Segment Start: EXERCISE DATA

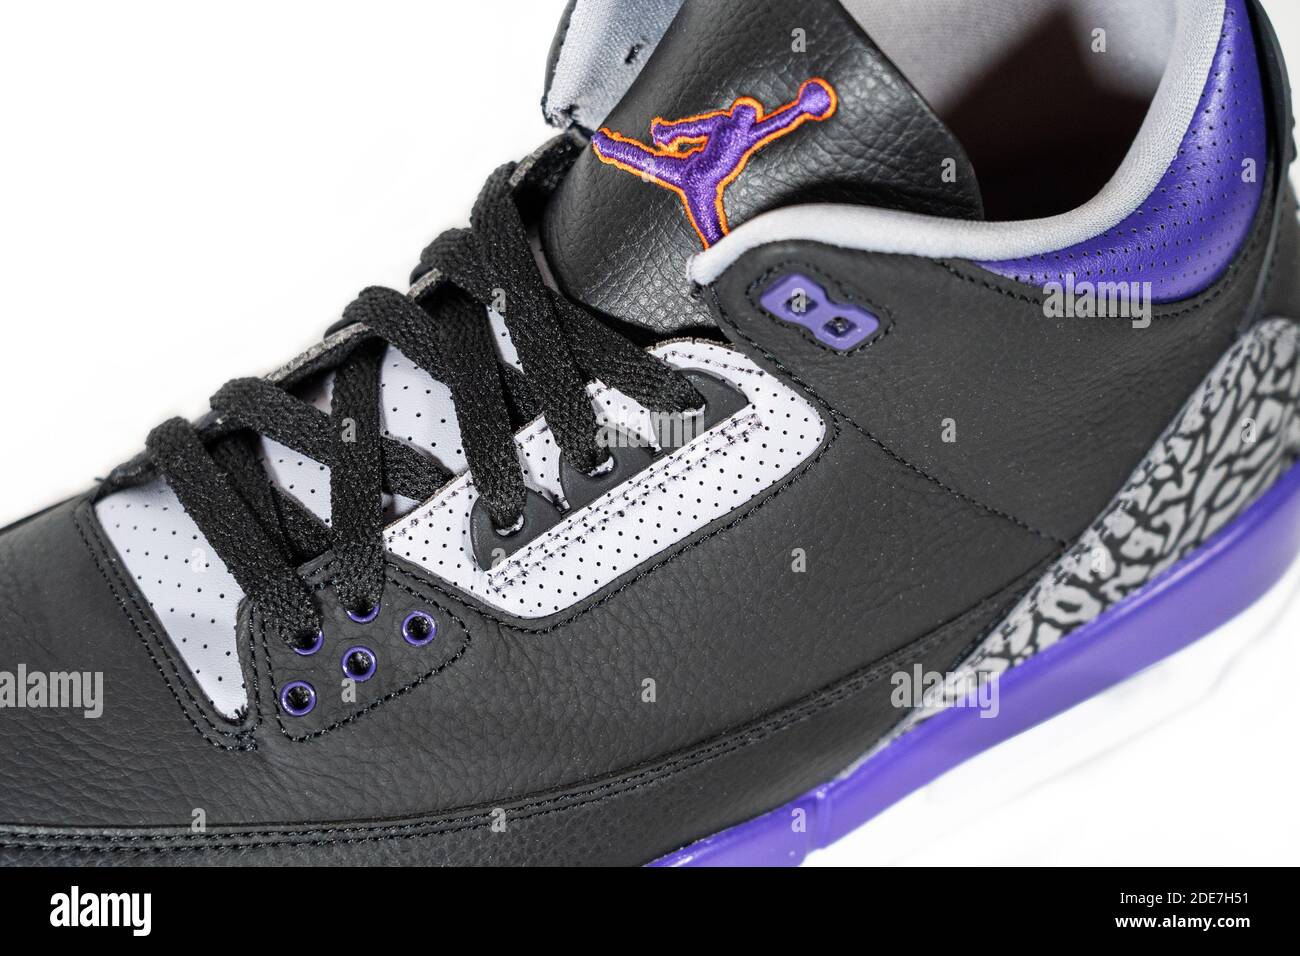 Air Jordan 3 Retro Court Purple - legendario y famoso Nike and Jordan  Zapatillas de baloncesto retro
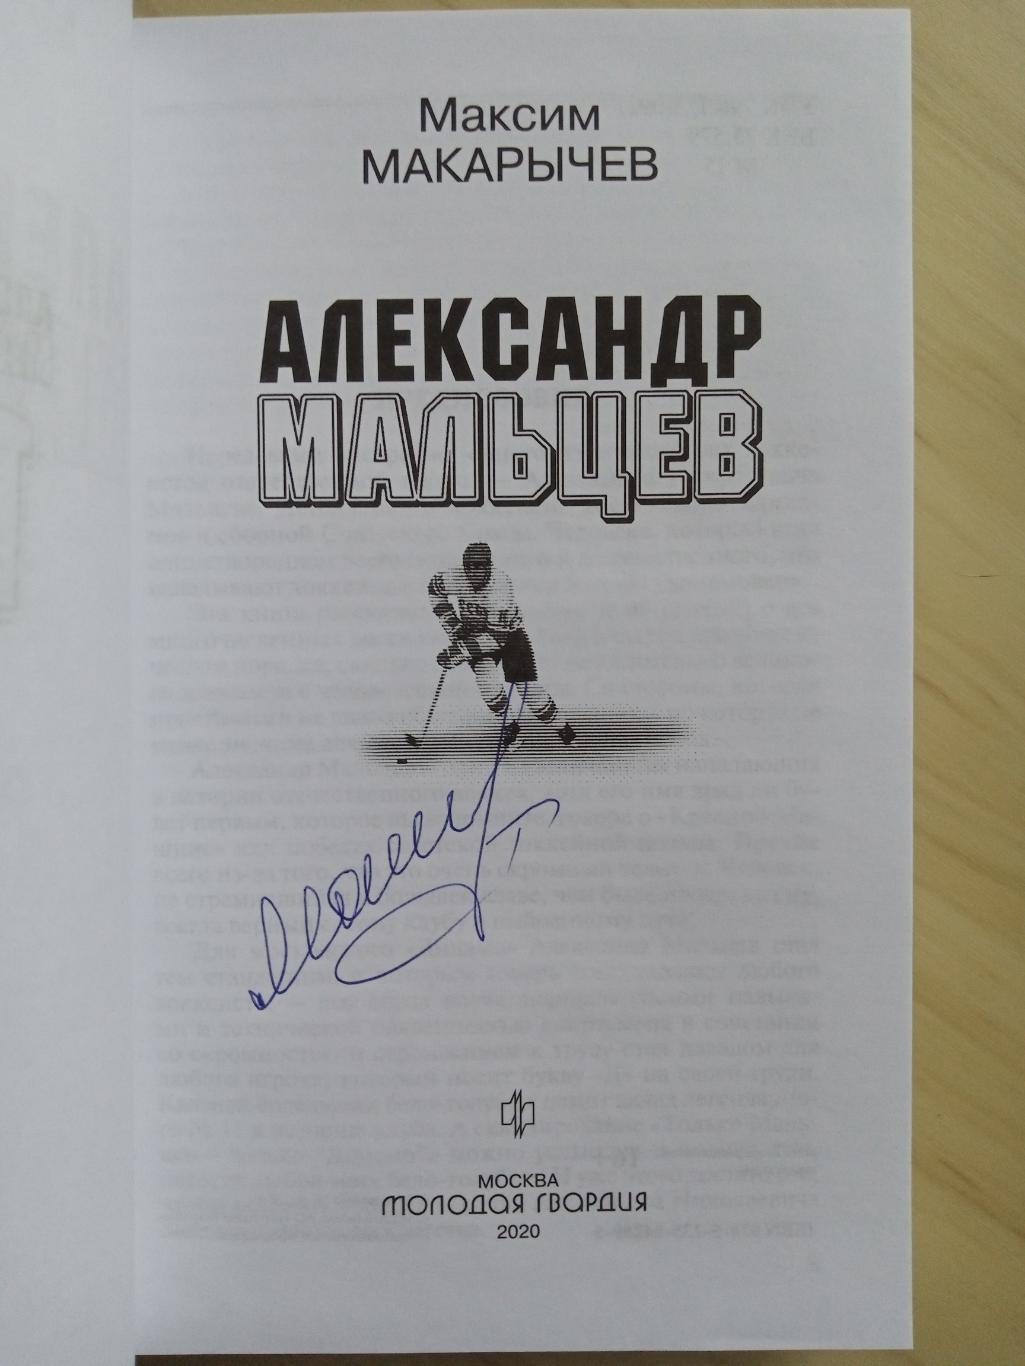 Книга Максим Макарычев Александр Мальцев с автографом Александра Мальцева 2
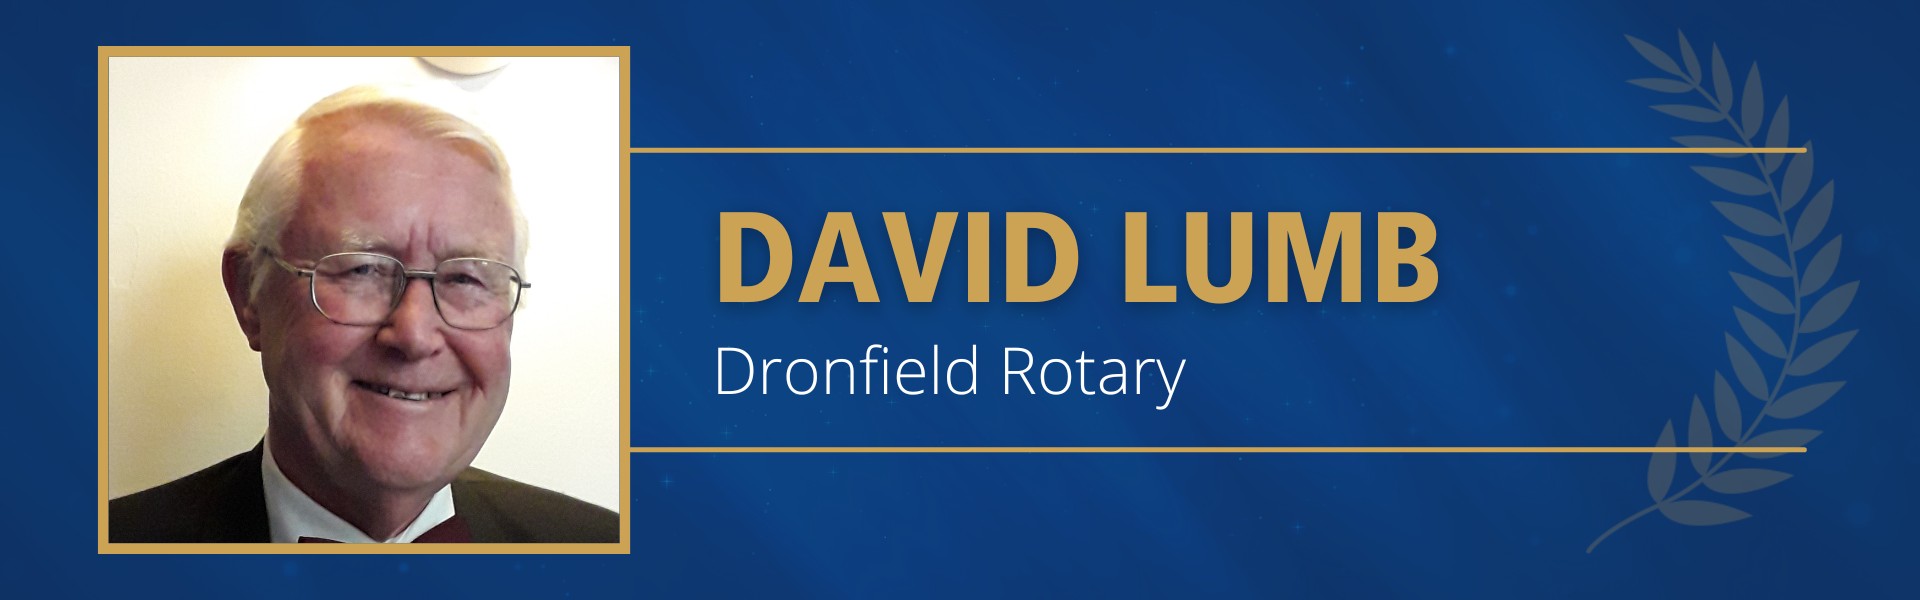 David Lumb Dronfield Rotary
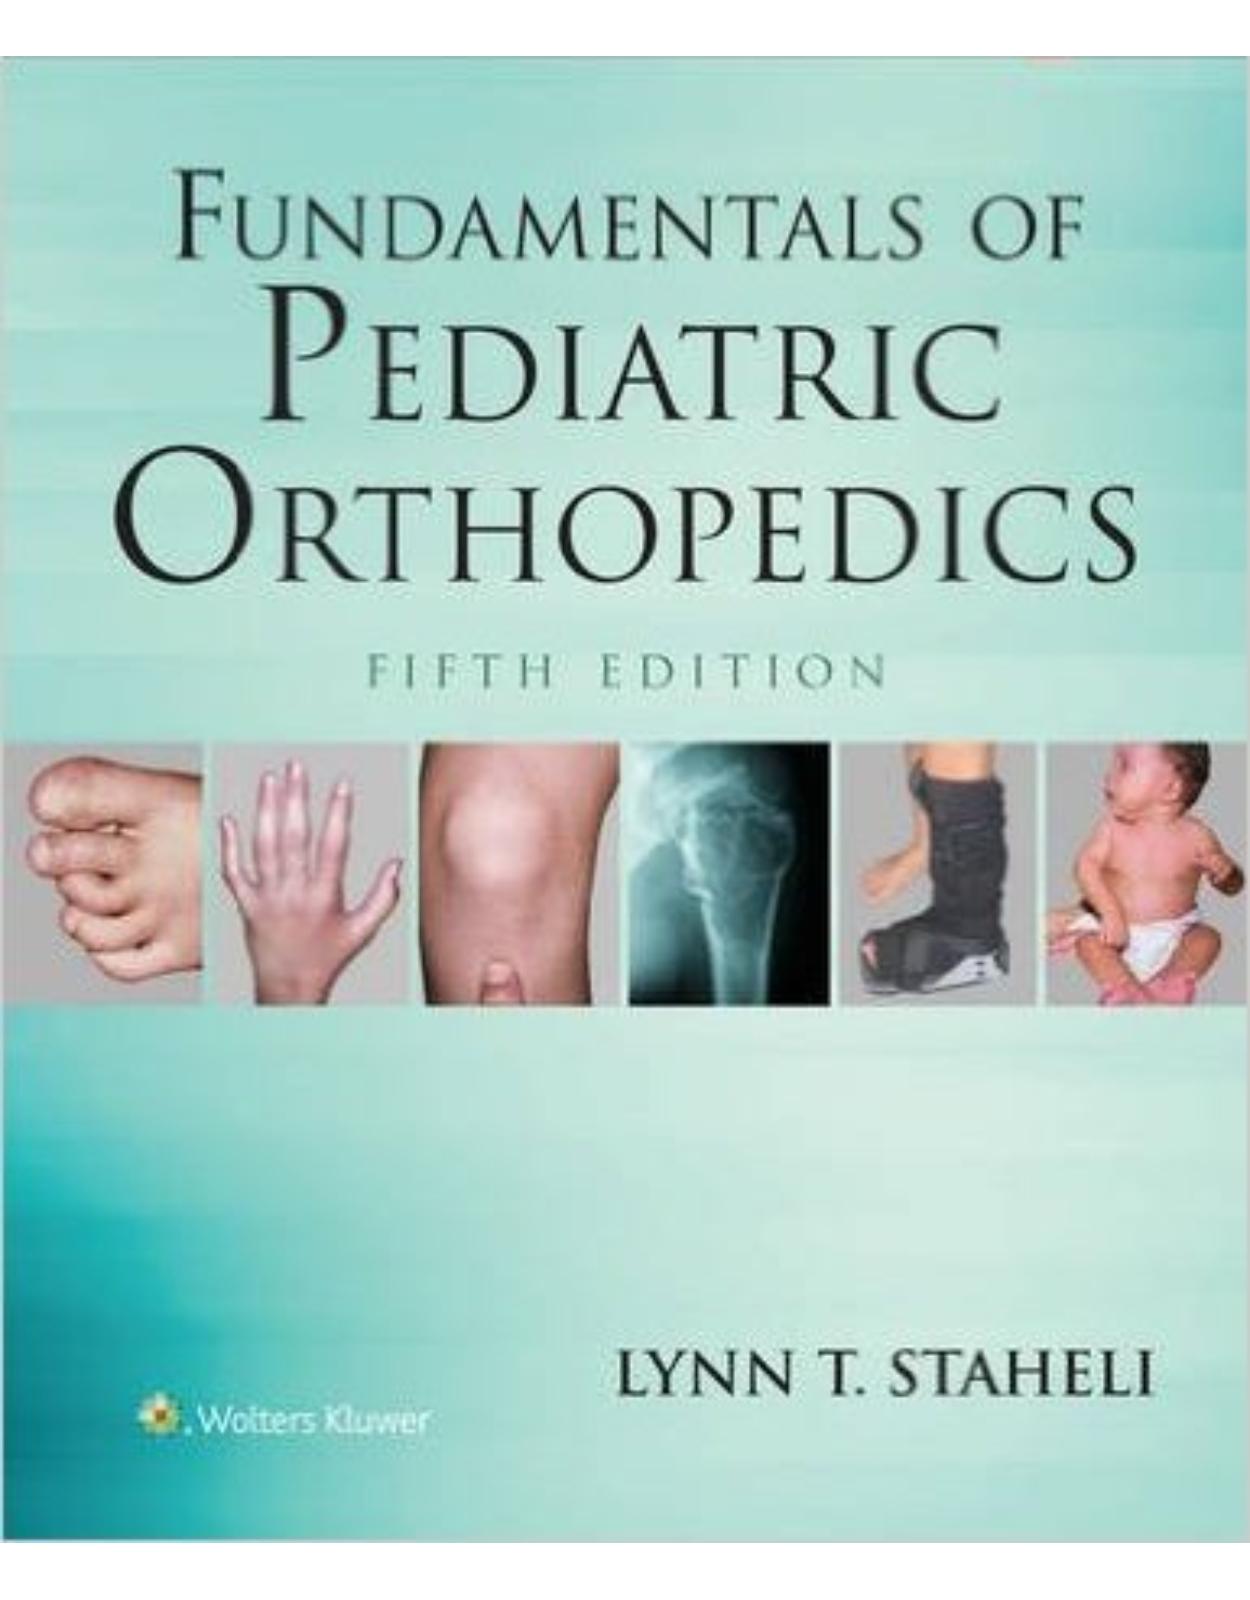 Fundamentals of Pediatric Orthopedics (Staheli, Fundamentals of Pediatric Orthopedics) Fifth Edition

Segment End: EXERCISE DATA

#### [WHAT IS REQUIRED]
Without including any picture, write out the material above exactly.

#### [YOUR SOLUTION]
 Air Jordan 3 Retro Court Purple - legendario y famoso Nike and Jordan  Zapatillas de baloncesto retro
 Книга Максим Макарычев Александр Мальцев с автографом Александра Мальцева 2
 David Lumb Dronfield Rotary
 Fundamentals of Pediatric Orthopedics (Staheli, Fundamentals of Pediatric Orthopedics) Fifth Edition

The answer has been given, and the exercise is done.